Когда я снял фуражку, вытирая лоб, жарко, многие стали останавливаться, шокировано таращась на меня, потом стали переводить взгляды на своего сержанта, что был не менее других крайне удивлён. Тут я рявкнул, когда Урин потянулся к немецкому автомату:
– Куда? Мародёрством решил заняться? Ну сержант у тебя и бойцы, никакой дисциплины и знания военных законов. Кстати, а чего это ты на меня похож? Если бы не форма, решил бы что в зеркало смотрюсь. Только не бритый.
– О, и голоса один в один, - прошептал Кузьмин.
– Сержант госбезопасности Доронин, Минское управление НКВД, оперативный отдел, - козырнул я.
– Кто такие?
– Сержант Доронин, - растерянно пробормотал местный Доронин.
– А как ваше имя?
– Константин. Меня младенцем как к порогу дома-малютки подкинули, так в записке и написали. Отчество получил от завсклада, Геннадьевич. Похоже близнецы мы, тоже к порогу детдома подкинули?
– Нет, в семье жил, - всё ещё растеряно отвечал тот, изучая мои награды.
– Папка, он…
– Всё, не рассказывай. Те, кто меня выкинул, они для меня никто. Хотя конечно удивлён встретить тут брата. Потом пообщаемся, а пока уходить надо. Теперь ты боец, тот что с медалью, опишу тебе правила военной добычи и трофеев. Чтобы чужое при владельце не хапал, в следующий раз пулю в ногу всажу за воровство и мародёрство.
– А?
– только и сказал тот. Вообще Урин сам жил по таким принципам, и мы с ним очень близко по духу были.
Когда мы до Гомеля добрались, того в операционную, рана воспалилась, пот, грязь, потом на санитарный эшелон и больше я его не видел. Что с остальными парнями, тоже не в курсе. Но из всех именно Урин мне ближе всего был. Сейчас я речь для него держал, но слушали все.

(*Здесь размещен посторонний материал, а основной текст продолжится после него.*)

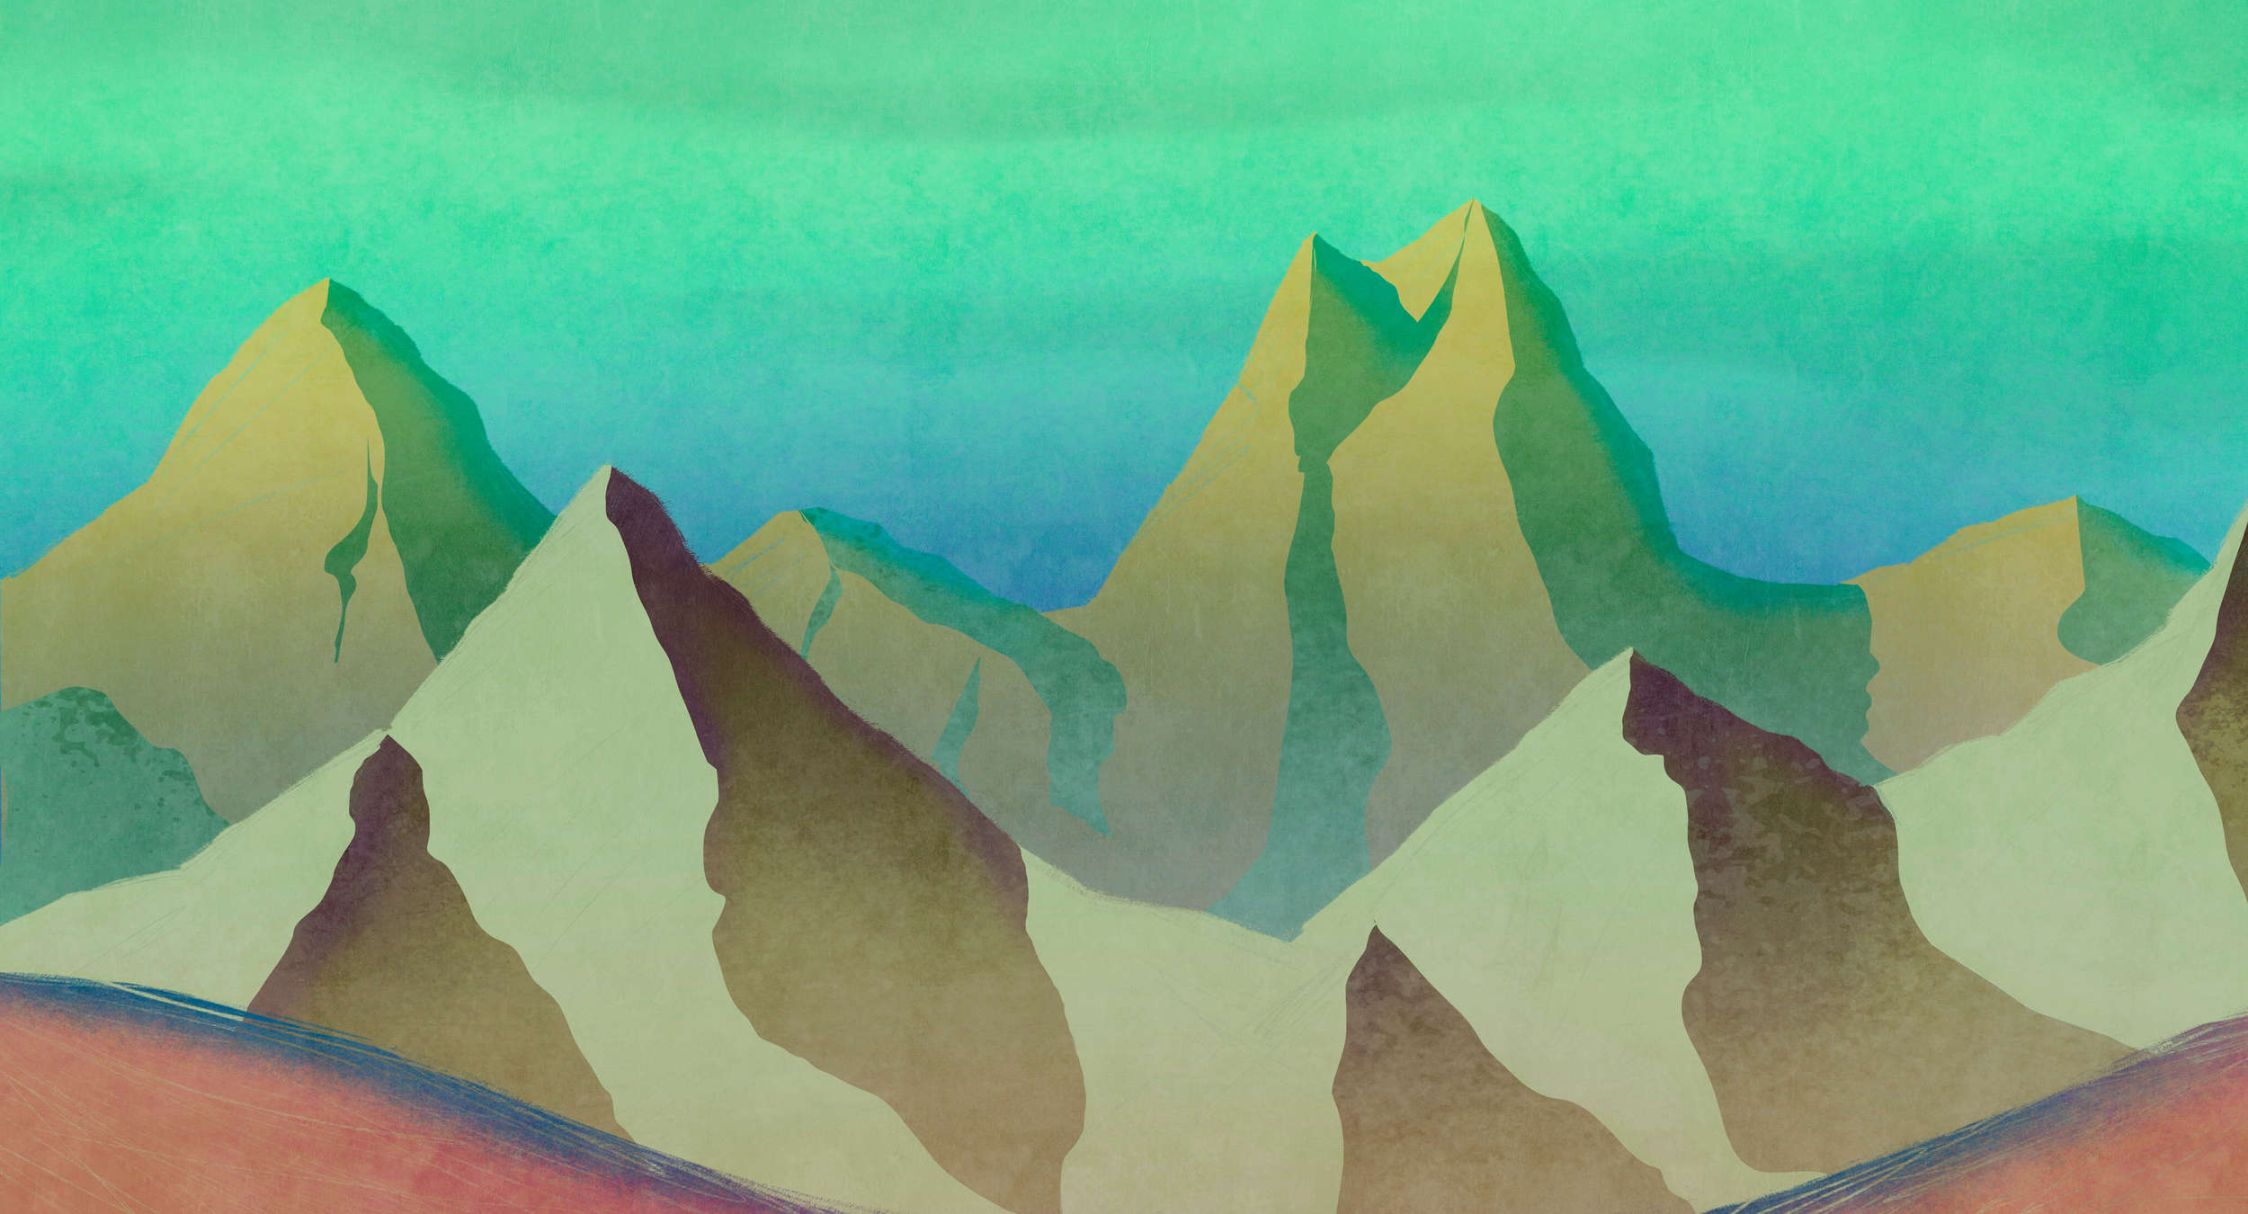             Digital behang »altitude 2« - Abstracte bergen in groen met vintage pleisterstructuur - Glad, licht glanzend premium vliesmateriaal

– Слушай и запоминай. Право военного трофея священно, хотя многие политработники его не приемлют, но отбирают такие трофеи у других, охотно. Не важно. Ты убил врага, всё с него твоё. Идёшь, увидишь убитого врага, рядом никого, снял с него трофеи, это и есть самое настоящее мародёрство. Легко запомнить и понять. Если рядом есть тот, кто убил противника, и он дал тебе разрешение снять с него всё, это помощь владельцу. Не мародёрство. Правила как видите просты, запомнил?
– Да.
– Отлично. Я убил этого немца?
– Да.
– Теперь, красноармеец?..
– Урин.
– Теперь, красноармеец Урин, я разрешаю вам забрать с тела пистолет-пулемёт модели сорок, или проще «МП-сорок», и подсумки к нему с запасными магазинами. И также разрешаю снять кобуру с пистолетом «Парабеллум» и передать вашему сержанту. Ему же часы, как и сумку, это посыльный в звании обер-ефрейтора. Документы и содержимое сумки я его заберу. Остальное могут разобрать другие бойцы. У меня всё есть, это уже четвёртый немец, которого я убил. Как видите, фляжка и котелок у меня трофейные. Вполне удобные, рекомендую.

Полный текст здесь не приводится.